Quote:
Originally Posted by Gaga
Wow! Margo mi rozwalila manifest na czynniki pierwsze, to teraz trzeba przyjac wyzwanie 
|

Trzeba przyznac, ze w 14 punktach poruszylas 14 problemow, z ktorych czesc rzeczywiscie czesto psuje atmosfere...

Trudno wiec nie poruszyc tematu....skoro sezon wystawowy przed nami...
Quote:
Originally Posted by Gaga
Zreszta umowmy sie- opinie wiekszosci "zwyklych wlascicieli" niejak sie maja do opinii fachowcow wiec mozna dac sobie spokoj 
|
Chodzilo mi o cos innego.... Miedzy hodowcami sprawa uklada sie troche inaczej, bo zaden pies nie jest doskonaly, ale hodowcy maja (zwykle o wiele) wieksza wiedze o swoich psach. Krytyka nie pojawia sie wiec tak czesto, a jesli juz to mowi o realnych wadach. Przecietny hodowca o wiele lepiej reaguje na opis (nawet niezbyt rozowy) psa, bo jest do czegos takiego przyzwyczajony.
Oczywiscie piszac o hodowcy mam na mysli rzeczywiscie osobe "znajaca sie", a nie tylko taka, ktora ma na koncie 'jakis' miot..... bo ten drugi typ podpada raczej pod dzial "osoba prywatna".
Sprawa z "prywatnymi" osobami ma sie zwykle troche inaczej... Z jednej strony ten pozytyw o jakim pisalas "Przecież i tak jest najpiękniejszy". Z drugiej czesto brak realnej wiedzy na temat wlasnego psa i zle znoszenie krytyki powoduje, ze to wlasnie takie osoby sa przyczyna ostrych starc i wybuchow niezadowolenia. Nawet jesli nie publicznie....
Quote:
Originally Posted by Gaga
Ale tutaj mamy dwa tematy: Ty patrzysz pod katem profesjonalizmu- ja na szczescie nie musze i choc nie ukrywam, ze mam swoj perferowany typ wilczakowej urody- to obnosic sie z nim nie bede bo, i tu znow nauka, niczemu to nie sluzy....trzeba naprawde zjesc z kims przyslowiowa beczke soli aby pozwolic sobei na szczere rozkladanie psa na czynniki pierwsze, bez obawy o jakikolwiek zly odbior...
|
To sie zgadza...

Z tego powodu wiele osob tez tak ciezko znosi przeglady hodowlane.... Bo jednak to nie tylko zachwycanie sie psem, ale i ujawnianie jego wad...
Ale nie chodzi tez o profesjonalizm.... Ale o efekty nieuzasadnionych pochwal...
Pomysl sobie, ze przez dwa lata laduje Tobie do glowy, ze Cheitan to najpiekniejszy wilczak na swiecie, ze nawet jak pogryzie sedziego lub polozy sie na ringu to i tak bedzie lepszy od wszystkich innych wilczakow.

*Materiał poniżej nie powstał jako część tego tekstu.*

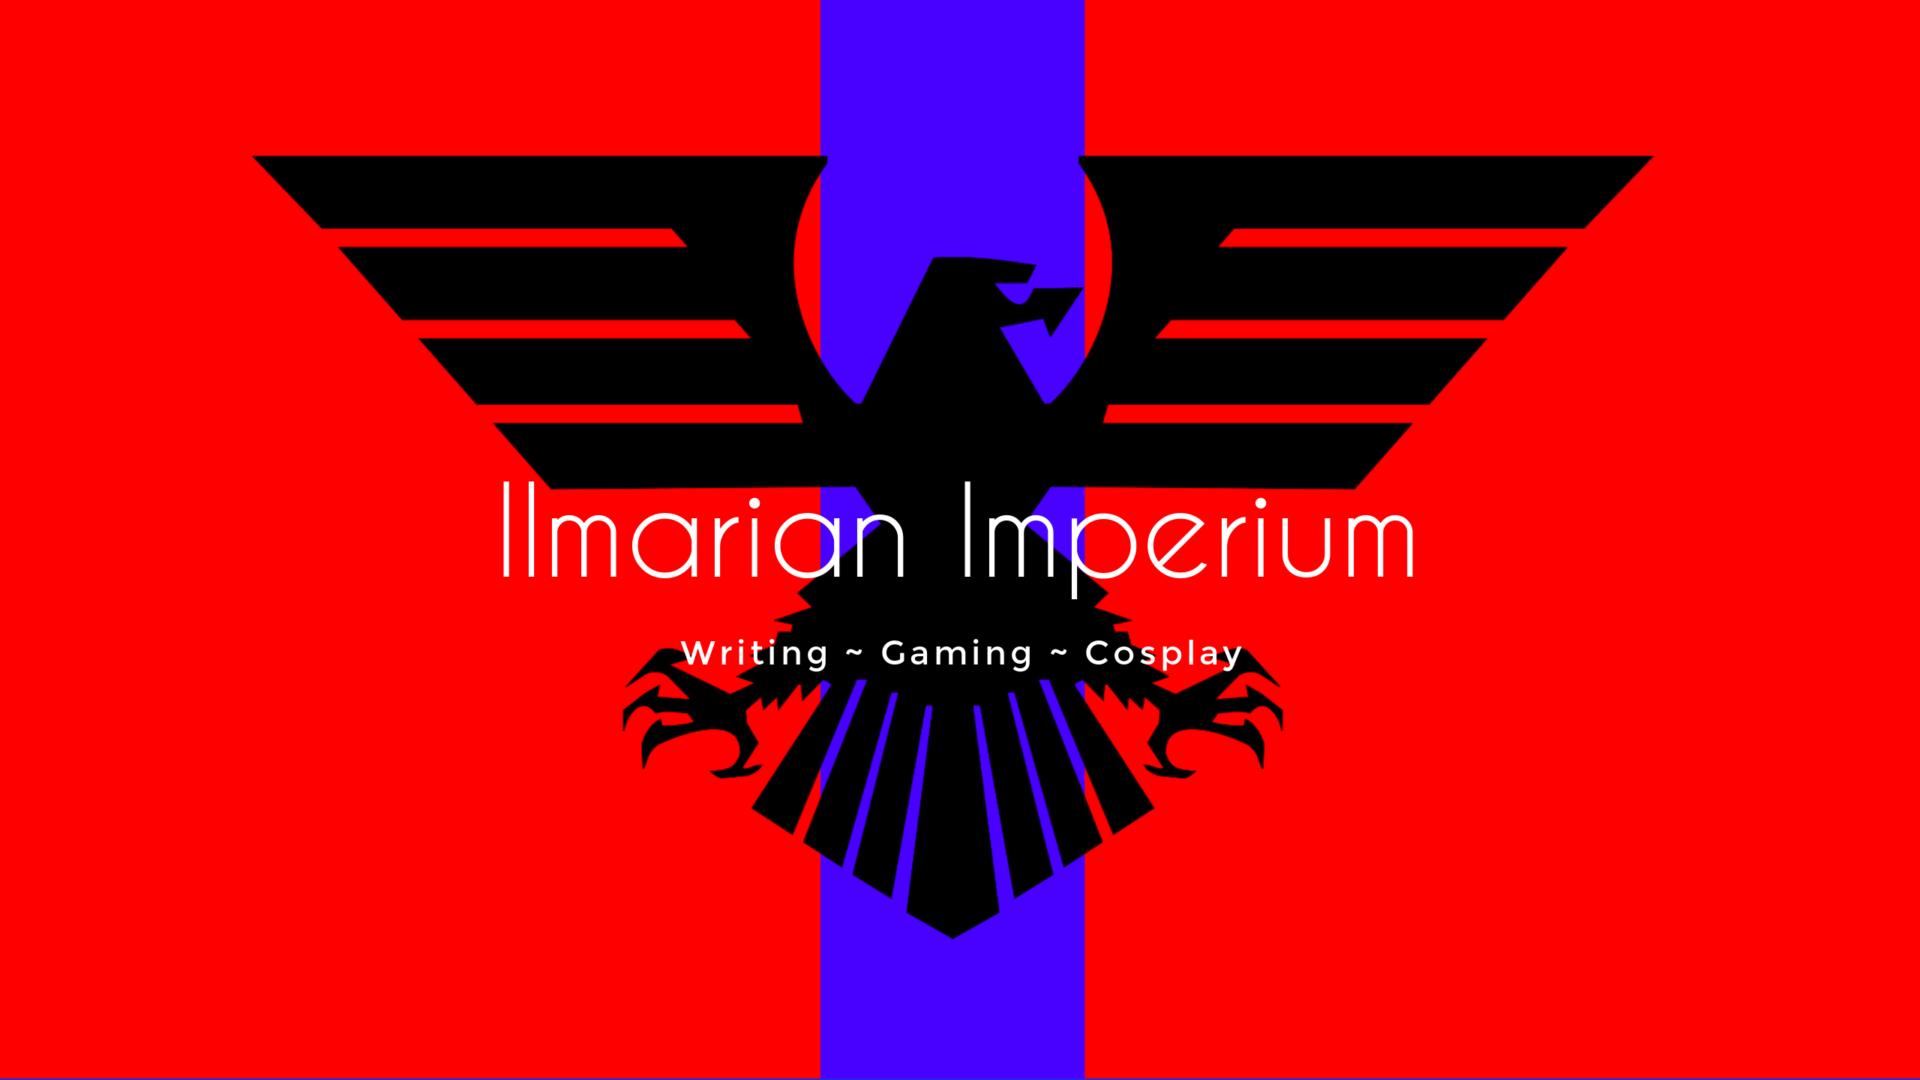 Ilmarian Imperium

Po dwoch latach zaczniesz w to wierzyc, nawet jesli mialas jakies "ale".

Przeciez my jestesmy HODOWCAMI, widzielismy mase wilczakow, wiec my MUSIMY miec racje....

I z takim przekonaniem jedziesz na jakas super wazna wystawe z duza stawka. Pies nie ma wlosa, wiec nie starcza na "doskonala 1.". I co? Schodzisz z ringu z poczuciem OGROMNEJ porazki, bo przeciez Cheitan wedlug HODOWCY to najpiekniejszy wilczak na swiecie. On POWINIEN wygrac, nawet wylenialy.... Czujesz sie oszukana. Nie przez hodowce. Ale przez: sedziego, innych ludzi, wlascicieli konkurencji. Jestes przekonana, ze musiala byc jakas pomylka, ze sedzia bierze w lape, a konkurencja stosuje jakies tricki...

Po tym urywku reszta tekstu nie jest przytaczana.